Exercise objective
When you copy the listing, reproduce each line as it appears and omit every image.

Source data
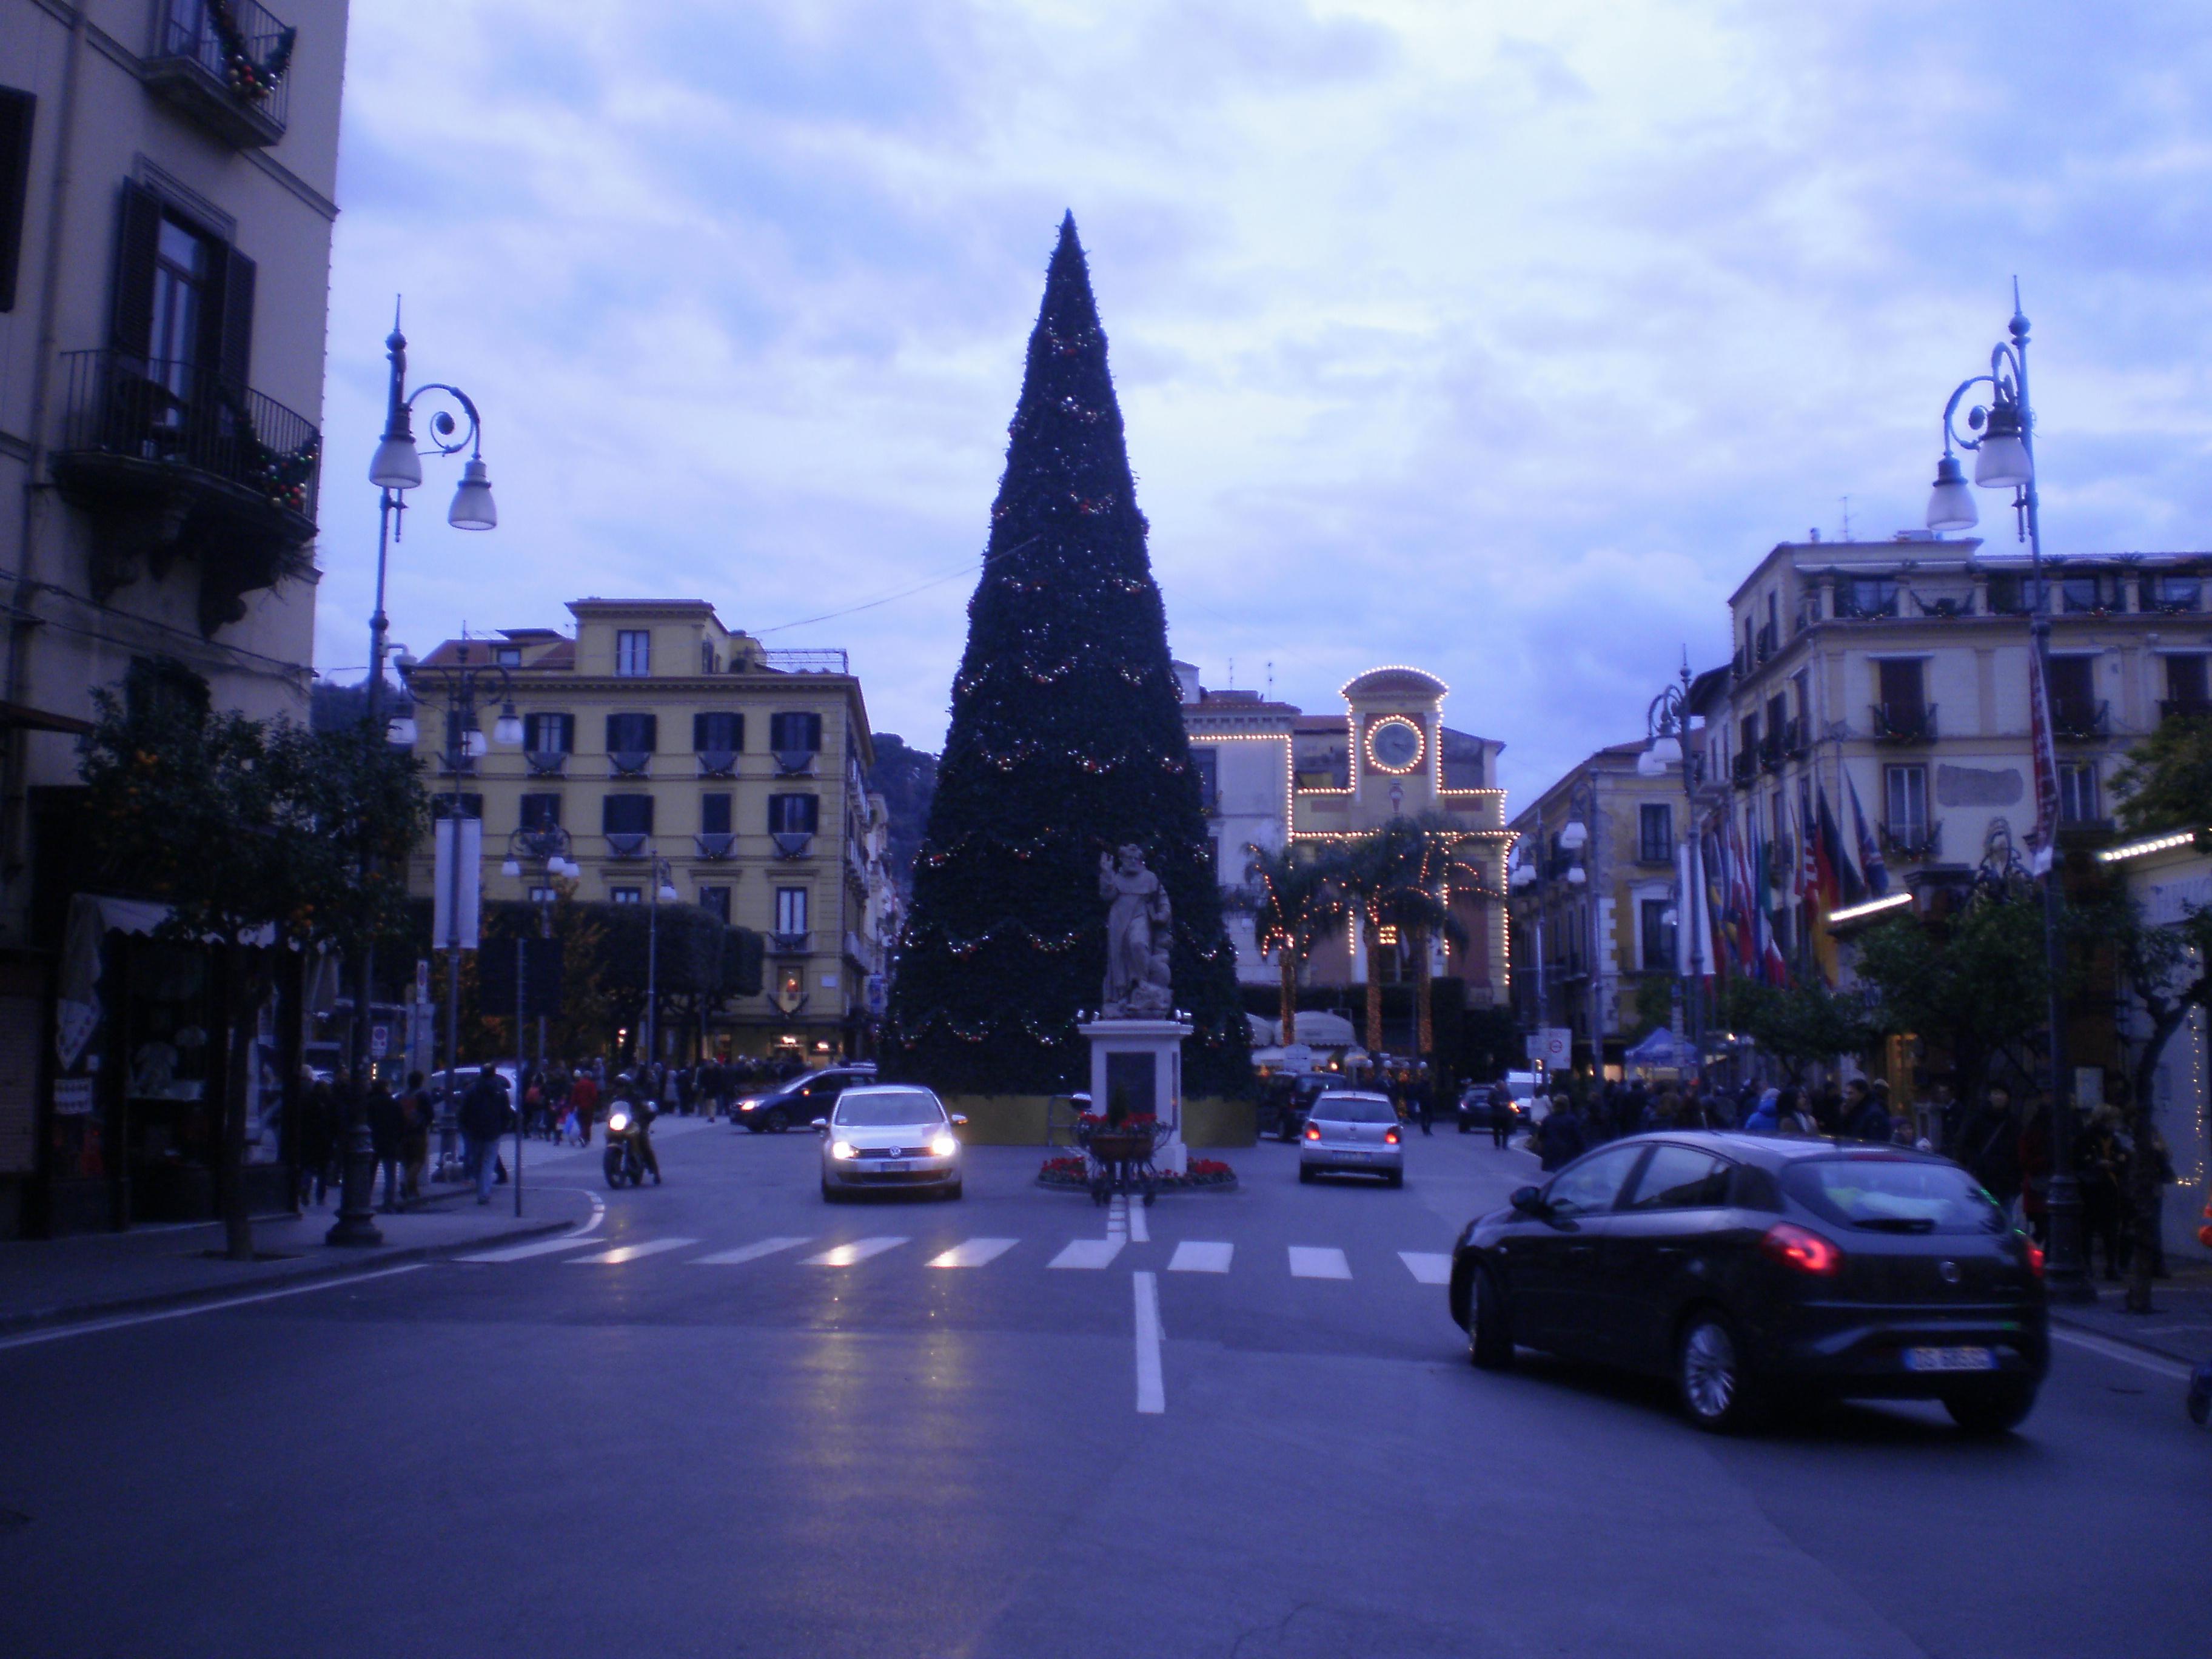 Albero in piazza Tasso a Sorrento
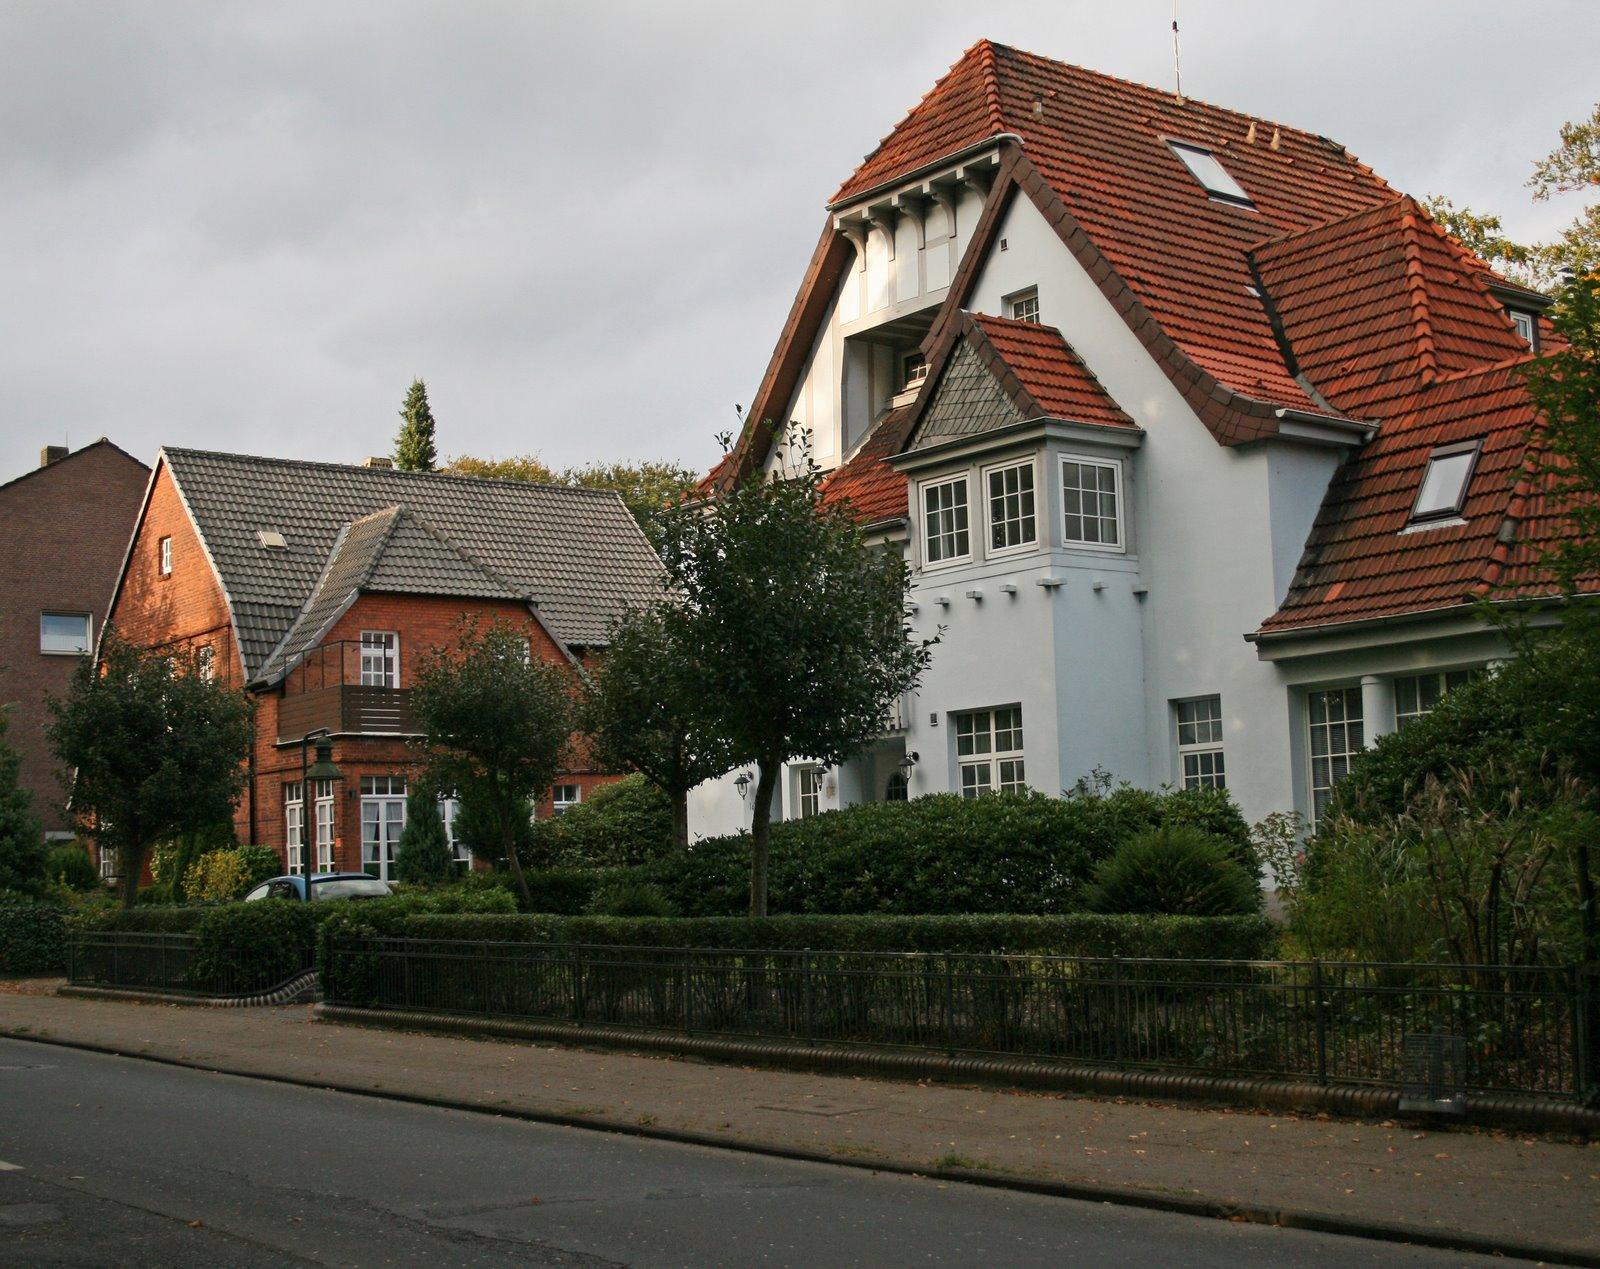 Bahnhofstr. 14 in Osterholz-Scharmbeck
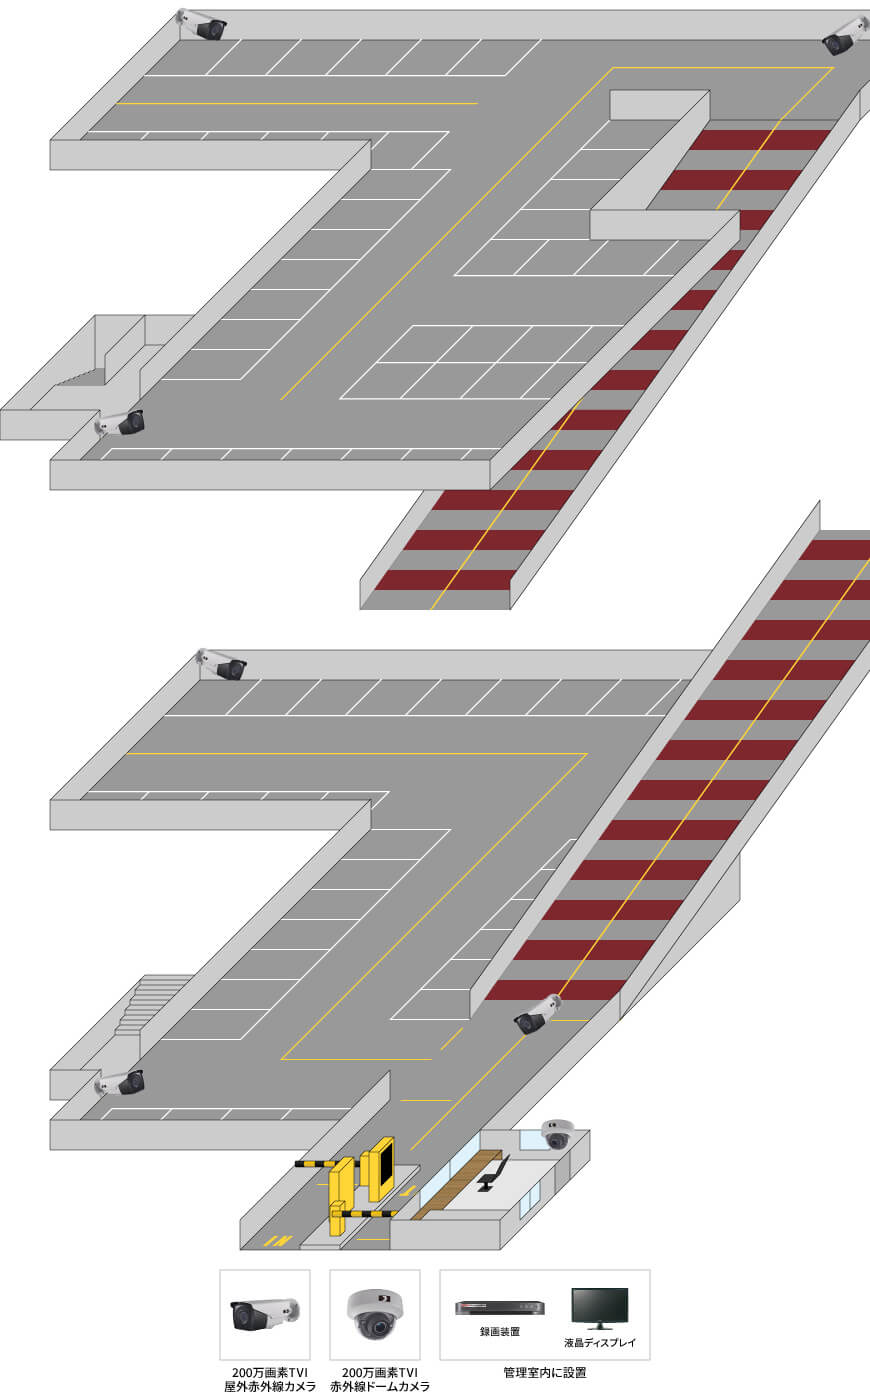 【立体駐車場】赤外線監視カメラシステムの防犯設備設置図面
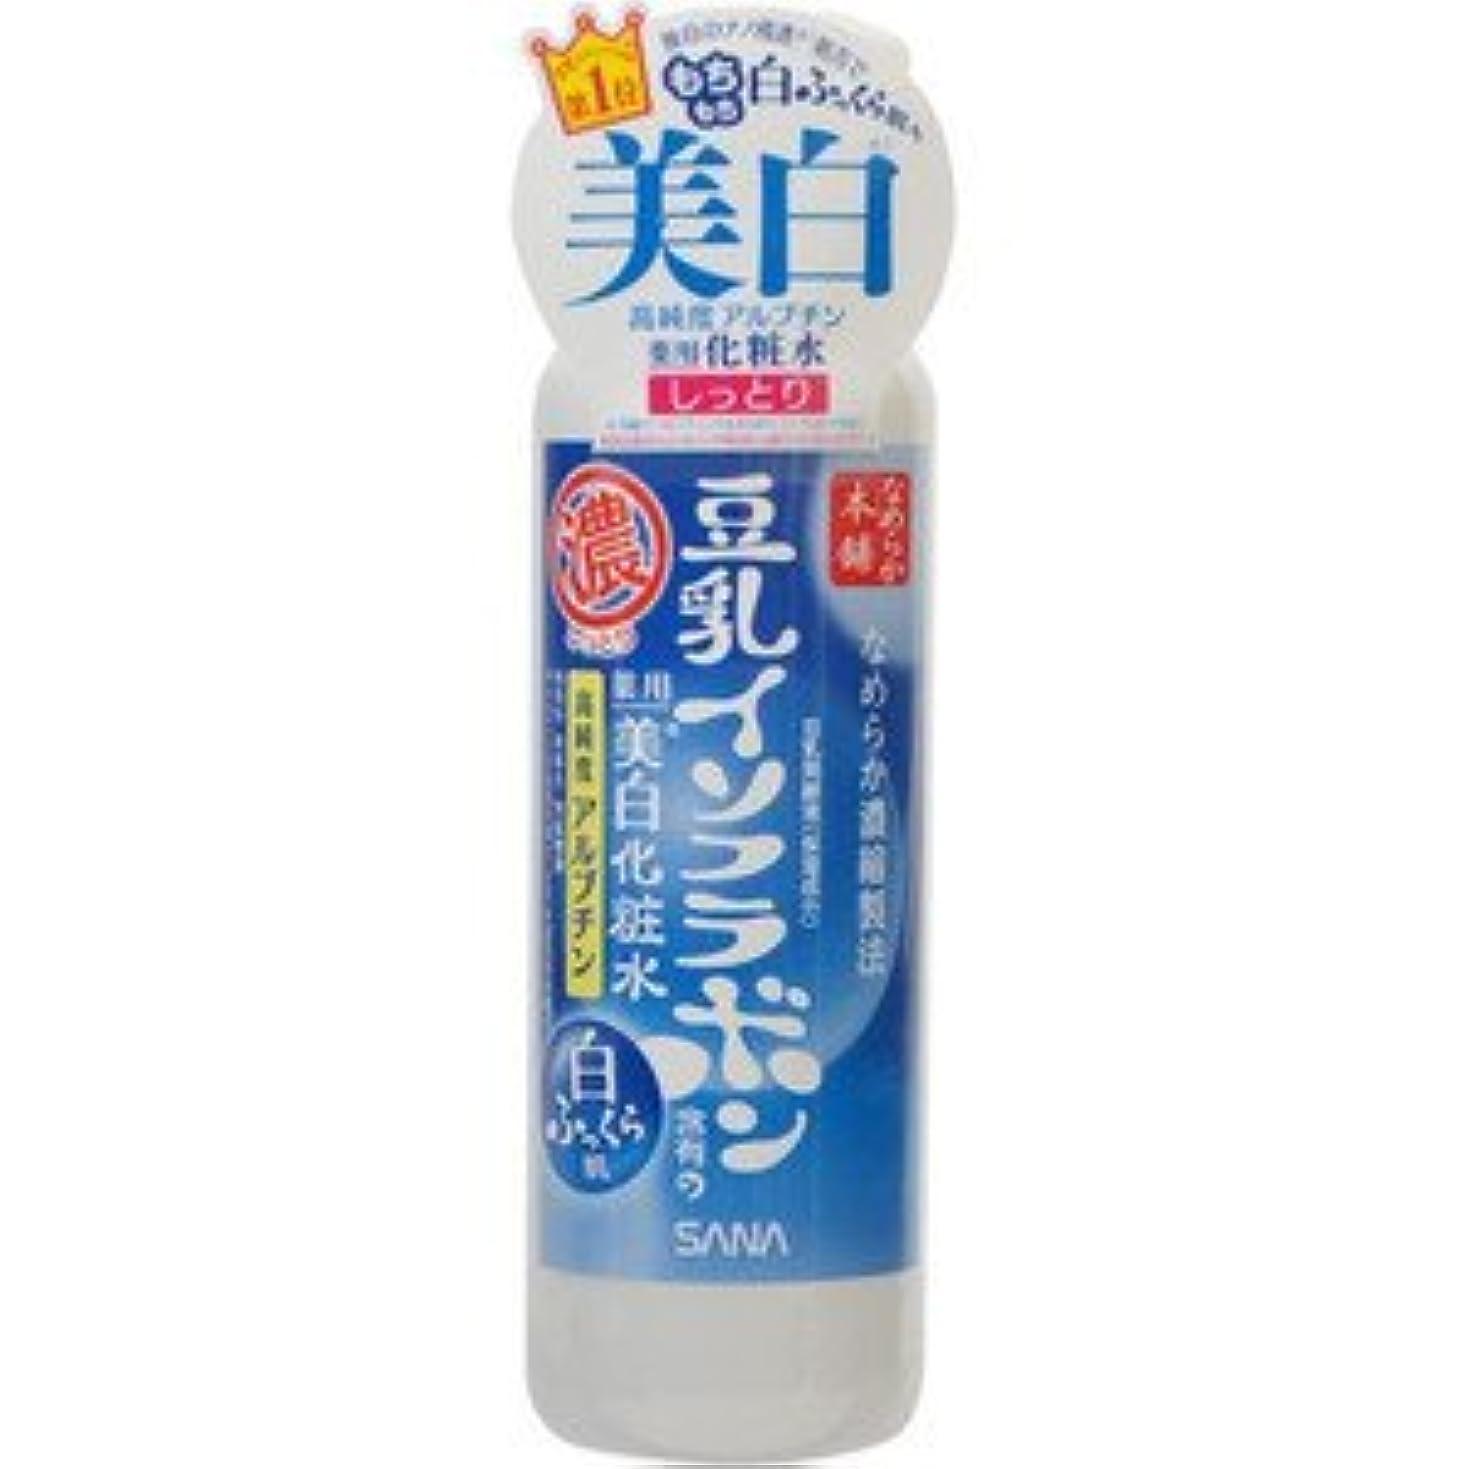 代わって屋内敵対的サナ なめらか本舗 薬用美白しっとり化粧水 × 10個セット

Answer below
 Albero in piazza Tasso a Sorrento
 Bahnhofstr. 14 in Osterholz-Scharmbeck
 【立体駐車場】赤外線監視カメラシステムの防犯設備設置図面
 代わって屋内敵対的サナ なめらか本舗 薬用美白しっとり化粧水 × 10個セット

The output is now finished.